2. Transparency Creates Common Knowledge

When labs publicly disclose safety practices:

Everyone knows what each lab is doing
Everyone knows that everyone knows
Everyone can reason about coordination

This is why transparency mechanisms matter even when "everyone already knows" the risks.

Implication: Transparency reporting should be public, not just among labs.

3. Announcements Are More Than Signaling

When a lab announces a safety commitment:

It's not just signaling intent
It's creating common knowledge of intent
This enables others to reason about coordination

Implication: Labs should make explicit, public commitments rather than relying on implicit understanding.

4. Third-Party Verification Matters

External audits and verification create common knowledge that self-reporting doesn't. A lab saying "we're safe" creates mutual knowledge. An auditor saying "they're safe" creates common knowledge.

Implication: Third-party oversight mechanisms are valuable for coordination, not just compliance.

---

A Common Knowledge Framework for AI Safety

Level 1: Mutual Knowledge (Insufficient)

Labs privately agree racing is bad
Labs privately want coordination
Result: No coordination (each unsure if others will follow through)

Level 2: Limited Common Knowledge

Labs publicly announce safety commitments
Community knows intentions
Result: Limited coordination (some trust, some uncertainty)

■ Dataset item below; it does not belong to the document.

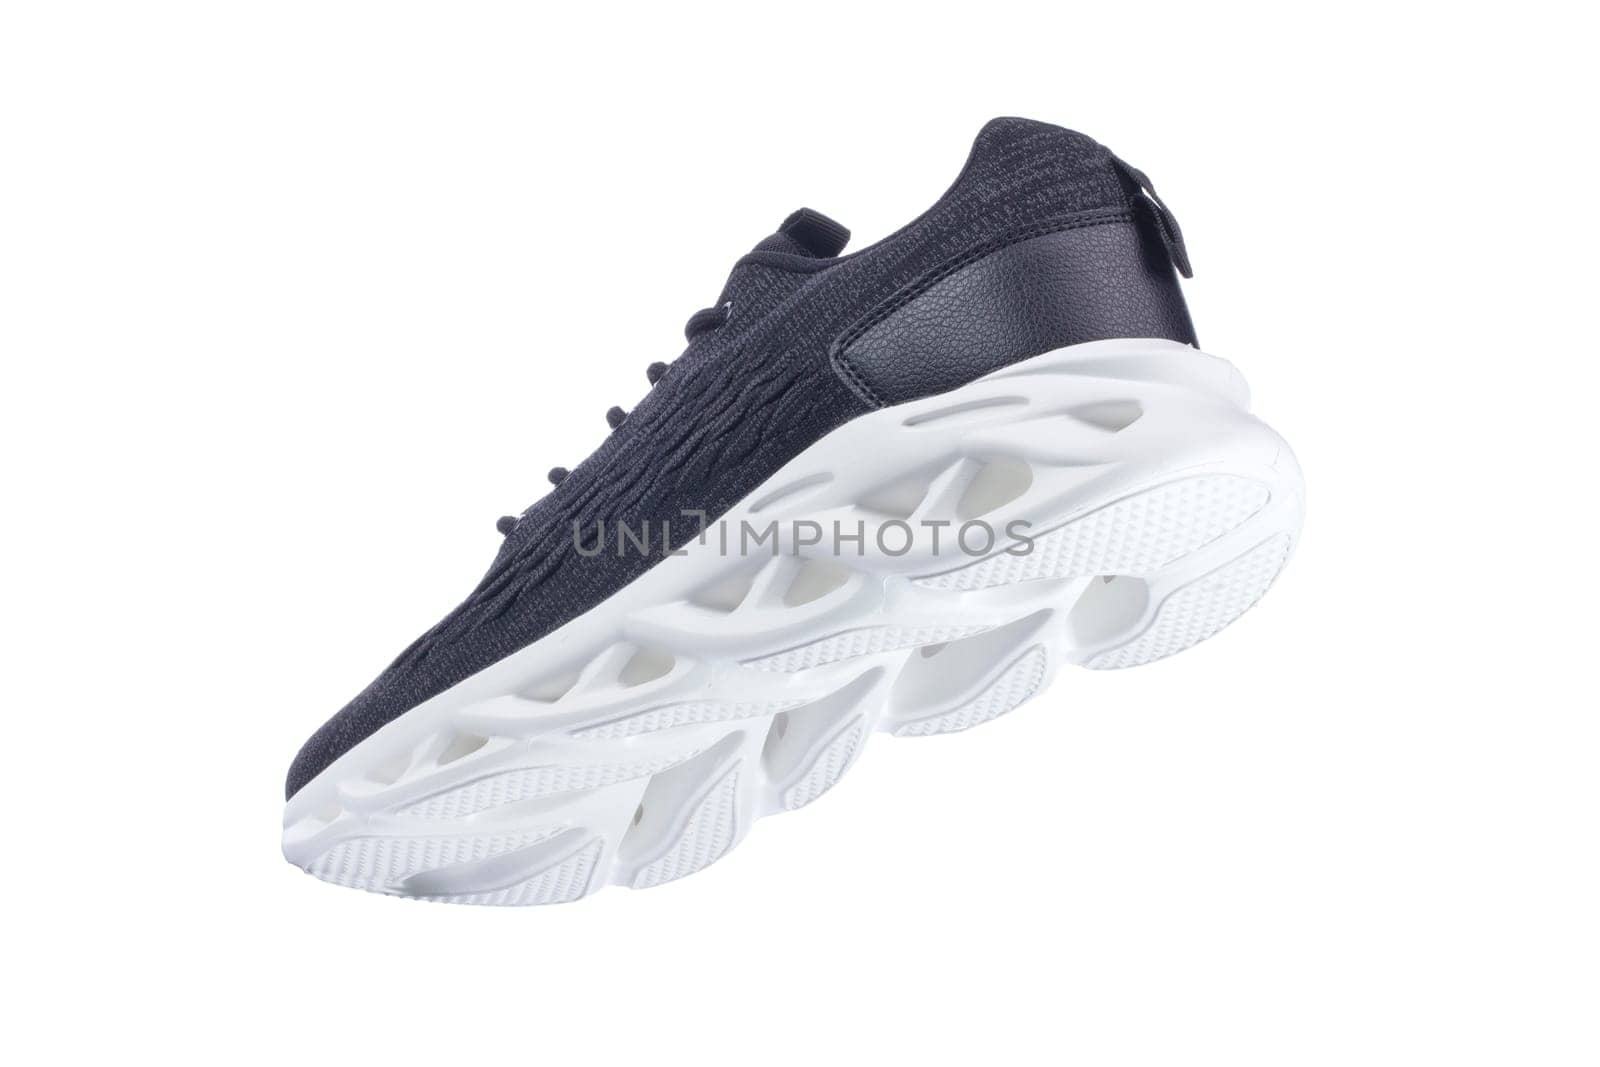 Black sneaker made of fabric with a white sole on a white shoe.
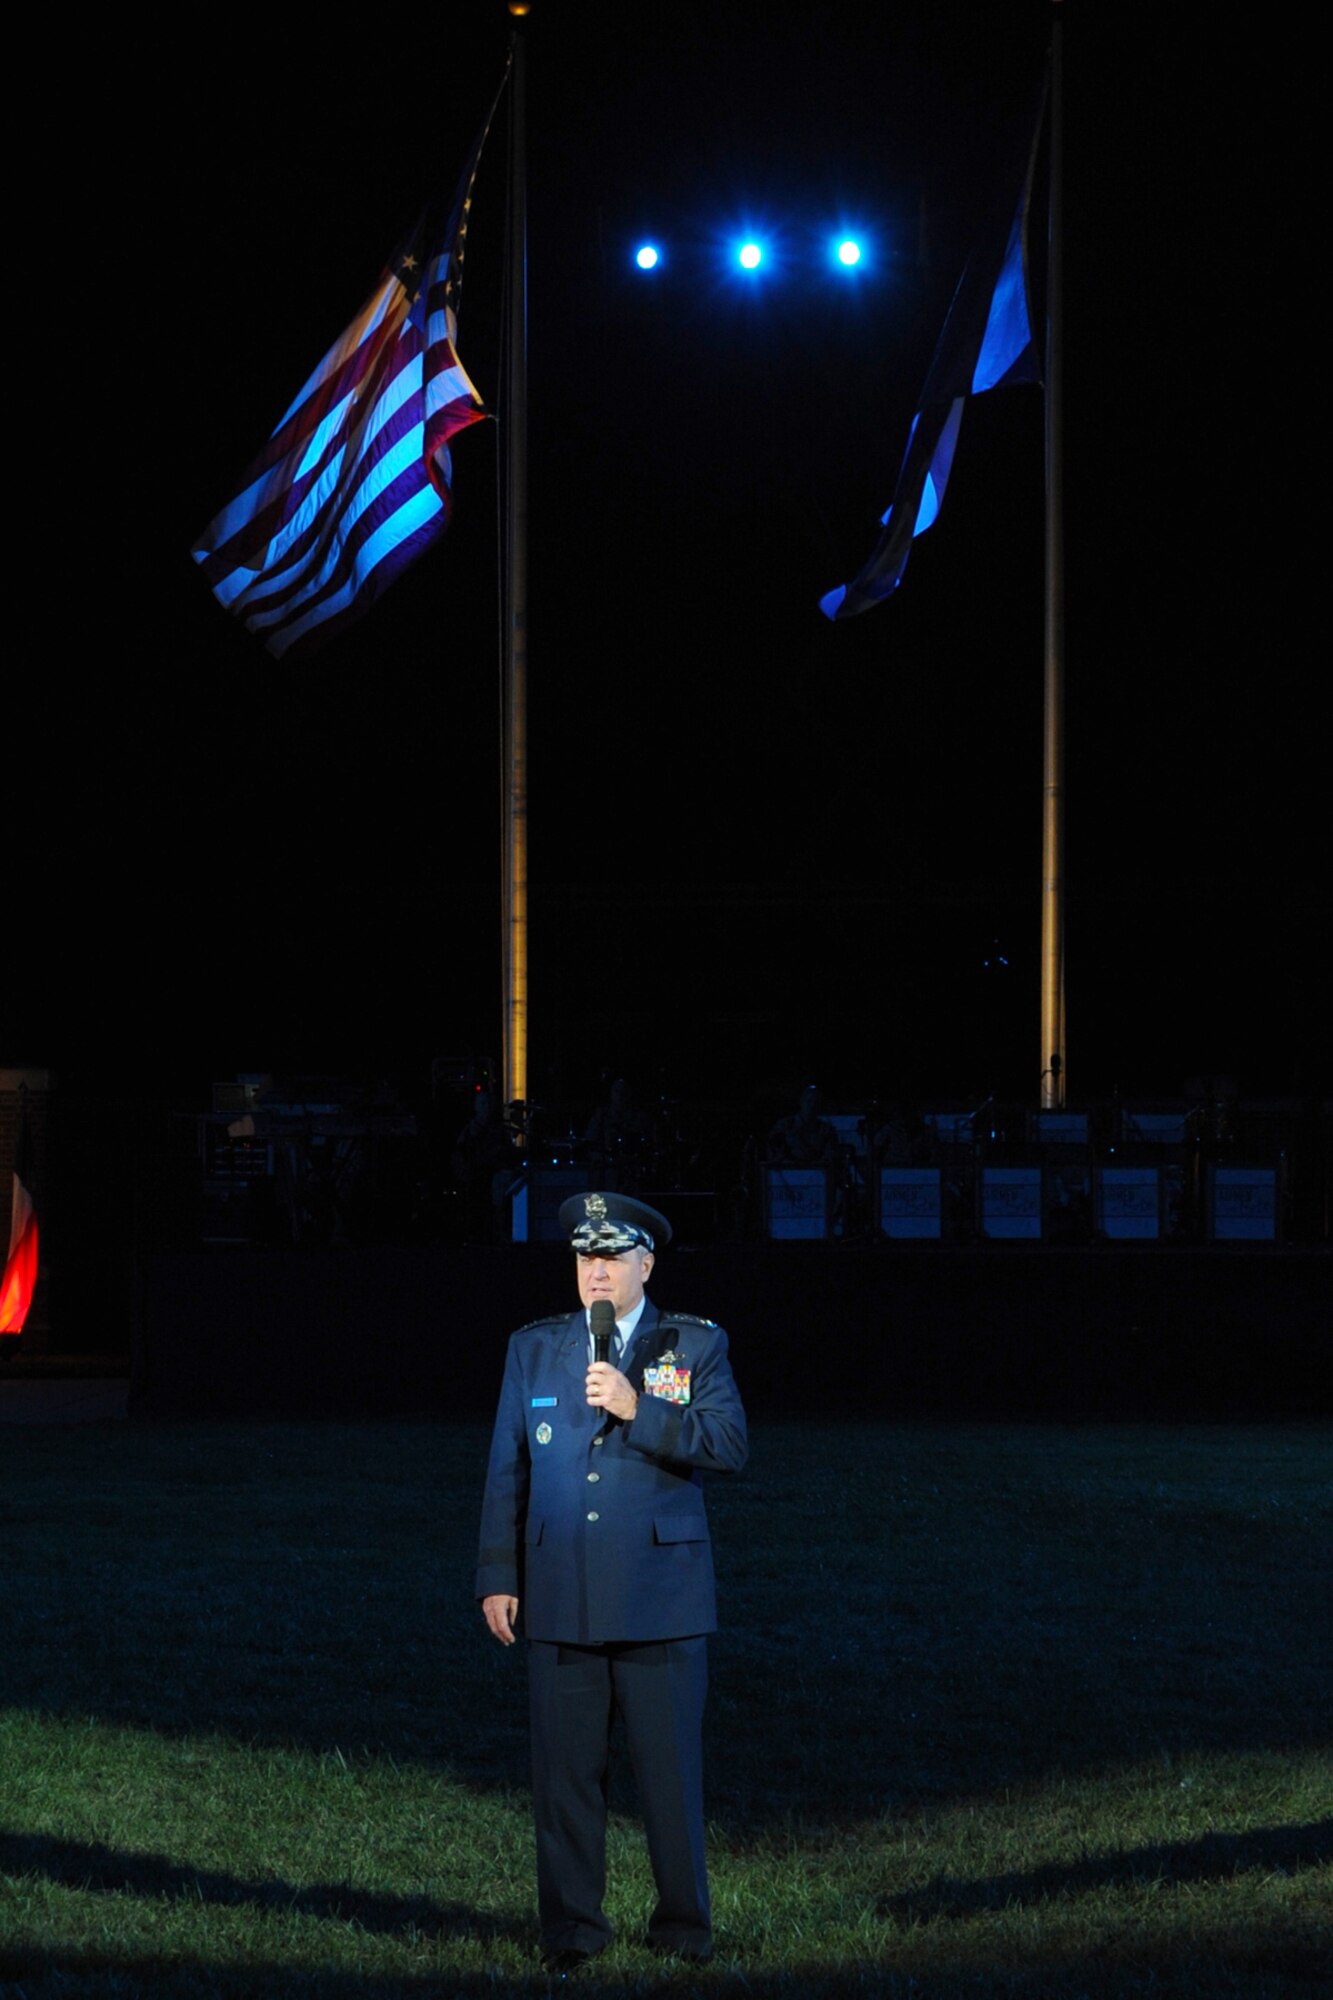 Chief of Staff of the Air Force Gen. Mark Welsh speaks to attendees during the United States Air Force Tattoo on Sept. 17, 2015. The Air Force District of Washington commemorated the United States Air Force's 68th birthday September 17, 2015 with a celebration of music, drill and ceremony, aircraft, and fireworks on the Air Force Ceremonial Lawn at Joint Base Anacostia-Bolling The event included flyovers of several aircraft that included the Air Force Thunderbirds and a Warbird vintage aircraft squadron, as well as performances by the Air Force Band and Honor Guard. (U.S. Air Force photo/Staff Sgt. Matt Davis)

Level 3: Full Common Knowledge

Public, verified safety practices
Common knowledge of game structure (who has what capabilities)
Common knowledge of intentions (explicit commitments)
Common knowledge of compliance (audited outcomes)
Result: Robust coordination possible

---

Practical Implications

For Labs

1. Make public commitments - Not just to your partners, but to the world 2. Disclose capabilities - Common knowledge of the game structure 3. Accept verification - Third-party oversight creates common knowledge

For Governance

1. Design transparency mechanisms - Not just for monitoring, but for coordination 2. Create public registries - Make safety practices common knowledge 3. Facilitate public commitments - Forums where labs can publicly commit

For Researchers

1. Study common knowledge creation - How do public announcements affect behavior? 2. Measure common knowledge - Survey not just beliefs, but beliefs about beliefs 3. Model coordination under incomplete common knowledge - What happens when common knowledge is partial?

---

Limitations

Common Knowledge Is Hard to Achieve

Requires infinite hierarchies of knowledge
In practice, approximated by "high enough" mutual knowledge
Unclear how many levels are "enough"

Common Knowledge Can Be Destabilized

A single public defection can destroy common knowledge of cooperation
Fragile in dynamic environments

Alternative Approaches

Credible commitment (burn the boats) may be more robust than common knowledge
Legal enforcement creates coordination without requiring common knowledge

---

Conclusion

The problem of AI safety coordination is partly a problem of creating common knowledge. Labs may privately agree on the need for coordination, but without common knowledge—without infinite hierarchies of "I know that you know that I know..."—coordination fails.

This explains why:

Public commitments matter even when everyone already agrees
Transparency mechanisms are essential for coordination, not just monitoring
Third-party verification is valuable beyond compliance checking
Secret agreements are fragile

The path to coordination runs through common knowledge. We should design mechanisms that create it.

---

References

Aumann, R. (1976). Agreeing to Disagree.
Lewis, D. (1969). Convention: A Philosophical Study.
Schelling, T. (1960). The Strategy of Conflict.
Littlewood, J. (1953). A Mathematician's Miscellany.

---

This paper draws on the Stanford Encyclopedia of Philosophy entry on Common Knowledge.